The first task consists of identifying those words and phrases that are considered important for the document at hand(...)
The second task consists of finding the correct Wikipedia article that should be linked to a candidate keyword (...)
We designed and implemented a system that solves the “text wikification” problem in four steps, as illustrated in Figure 2.
Figure 2: The architecture of the system for automatic text wikification.

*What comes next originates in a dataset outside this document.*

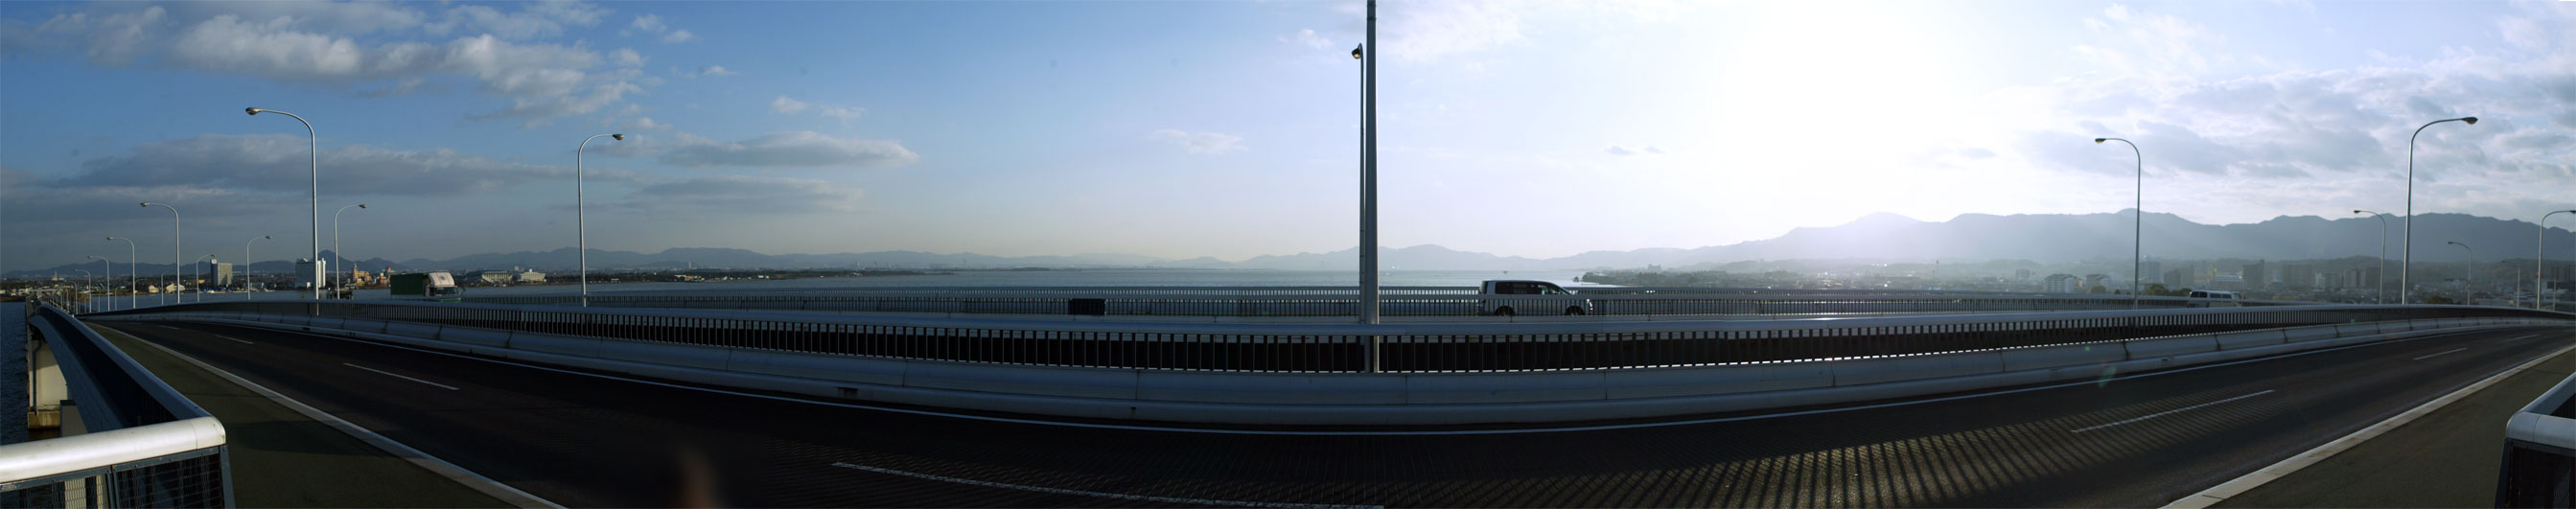 琵琶湖大橋北側の180度の眺め-南側

- QUOTE: Given a text or hypertext document, we define “text wikification” as the task of automatically extracting the most important words and phrases in the document, and identifying for each such keyword the appropriate link to a Wikipedia article. This is the typical task performed by the Wikipedia users when contributing articles to the Wikipedia repository(...) Automatic text wikification implies solutions for the two main tasks performed by a Wikipedia contributor when adding links to an article: (1) keyword extraction, and (2) link disambiguation.